Since $\mathbf{x}_{\mathrm{N}}=\mathbf{0}$, we have $\mathbf{c}^{\mathrm{T}} \mathbf{x}=\mathbf{c}_{\mathrm{B}}^{\mathrm{T}} \mathbf{x}_{\mathrm{B}}$ and therefore

\begin{equation} \mathbf{c}^{\mathrm{T}} \mathbf{x}^{+}=\mathbf{c}^{\mathrm{T}} \mathbf{x}-s_{q} x_{q}^{+} \label{eq:objective_decrease} \end{equation}

Since we chose $q$ such that $s_{q}<0$, and since $x_{q}^{+}>0$ if we are able to move at all along the edge, it follows from \eqref{eq:objective_decrease} that the step \eqref{eq:simplex_step} produces a decrease in the primal objective function $\mathbf{c}^{\mathrm{T}} \mathbf{x}$.

If the problem is nondegenerate (see Definition 6.2 ), then we are guaranteed that $x_{q}^{+}>0$, so we can be assured of a strict decrease in the objective function $\mathbf{c}^{\mathrm{T}} \mathbf{x}$ at every simplex step. We can therefore prove the following result concerning termination of the simplex method.

Theorem 6.4 (Finite termination of simplex method)

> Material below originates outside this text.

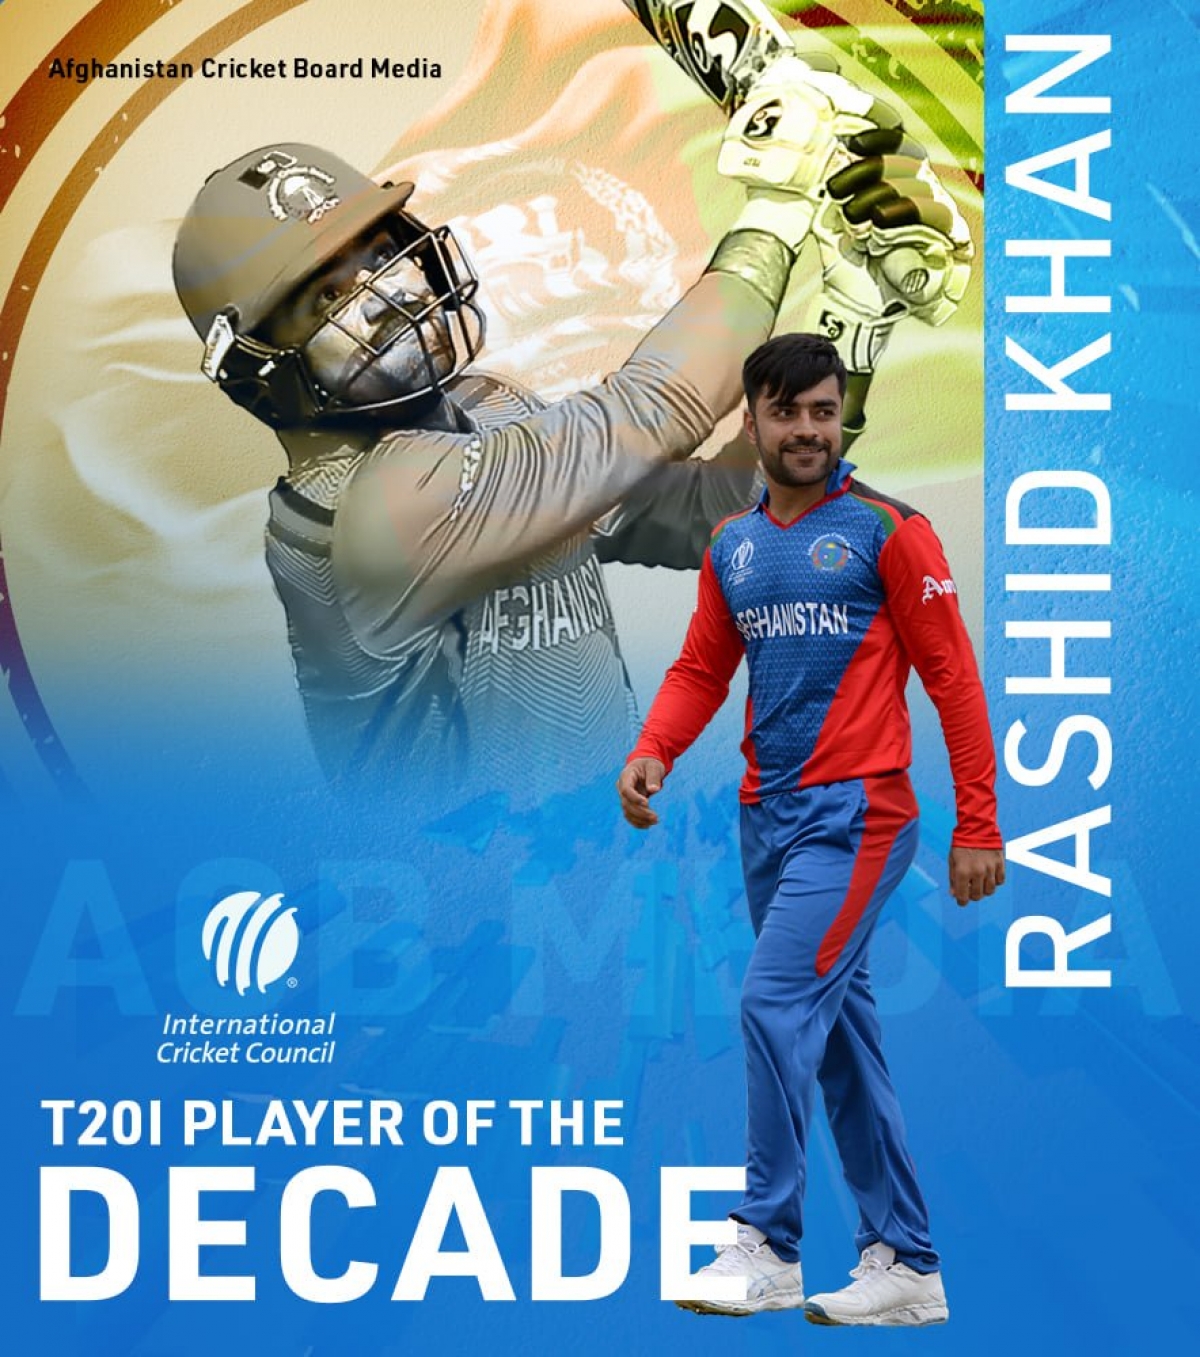 Rashid Khan, Afghanistan Cricket Star, Wins (ICC) Men’s T20I Player of the Decade Title

Provided that the linear program \eqref{eq:standard_form} is nondegenerate and bounded, the simplex method terminates at a basic optimal point.

Proof

The simplex method cannot visit the same basic feasible point $\mathbf{x}$ at two different iterations, because it attains a strict decrease at each iteration. Since each subset of $m$ indices drawn from the set $\{1,2, \ldots, n\}$ is associated with at most one basic feasible point, it follows that no basis $\mathcal{B}$ can be visited at two different simplex iterations. The number of possible bases is at most $\binom{n}{m}$ (which is the number of ways to choose the $m$ elements of a basis $\mathcal{B}$ from among the $n$ possible indices), so there can be only a finite number of iterations. Since the method is always able to take a step away from a nonoptimal basic feasible point, the point of termination must be a basic optimal point.

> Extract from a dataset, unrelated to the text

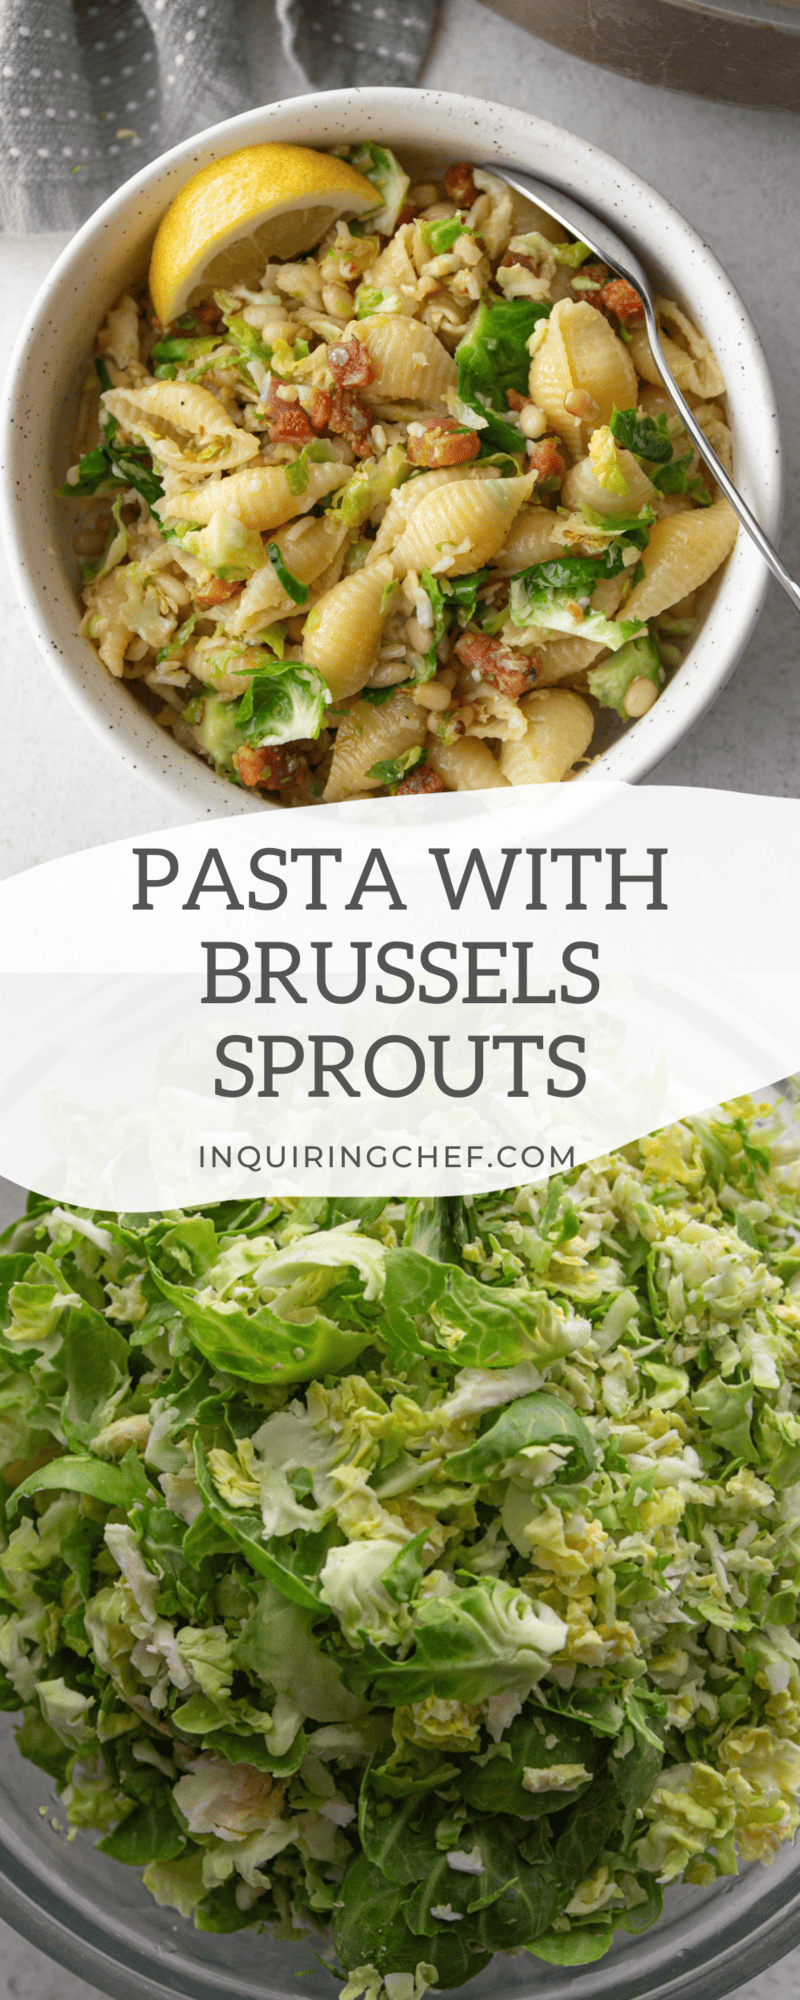 pasta with brussels sprouts

Note that this result gives us a proof of Theorem 6.2 (iii) for the nondegenerate case.

A single step of the method #

We have covered most of the mechanics of taking a single step of the simplex method. To make subsequent discussions easier to follow, we summarize our description in a semiformal way.

Procedure: One step of simplex

Given $\mathcal{B}, \mathcal{N}, \mathbf{x}_{\mathrm{B}}=\mathbf{B}^{-1} \mathbf{b} \geq \mathbf{0}, \mathbf{x}_{\mathrm{N}}=\mathbf{0}$;

Solve $\mathbf{B}^{\mathrm{T}} \boldsymbol{\pi}=\mathbf{c}_{\mathrm{B}}$ for $\boldsymbol{\pi}$,

Compute $\mathbf{s}_{\mathrm{N}}=\mathbf{c}_{\mathrm{N}}-\mathbf{N}^{\mathrm{T}} \boldsymbol{\pi}$;

if $\mathbf{s}_{\mathrm{N}} \geq \mathbf{0}$

STOP; (optimal point found)

Select $q \in \mathcal{N}$ with $s_{q}<0$ as the entering index;

Solve $\mathbf{B} \mathbf{t}=\mathbf{A}_{q}$ for $\mathbf{t}$;

if $\mathbf{t} \leq \mathbf{0}$

STOP; (problem is unbounded)

Calculate $x_{q}^{+}=\min _{i \mid t_{i}>0}\left(\mathbf{x}_{\mathrm{B}}\right)_{i} / t_{i}$, and use $p$ to denote the index of the basic variable for which this minimum is achieved;

Update $\mathbf{x}_{\mathrm{B}}^{+}=\mathbf{x}_{\mathrm{B}}-\mathbf{t} x_{q}^{+}, \mathbf{x}_{\mathrm{N}}^{+}=\left(0, \ldots, 0, x_{q}^{+}, 0, \ldots, 0\right)^{\mathrm{T}}$;

Change $\mathcal{B}$ by adding $q$ and removing $p$.

We need to flesh out this description with specifics of three important points. These are as follows.

  • Linear algebra issues-maintaining an LU factorization of $\mathbf{B}$ that can be used to solve for $\boldsymbol{\pi}$ and $\mathbf{t}$.
  • Selection of the entering index $q$ from among the negative components of $\mathbf{s}_{\mathrm{N}}$. (In general, there are many such components.)
  • Handling of degenerate steps, in which $x_{q}^{+}=0$, so that $\mathbf{x}$ is not changed.

Proper handling of these issues is crucial to the efficiency of a simplex implementation.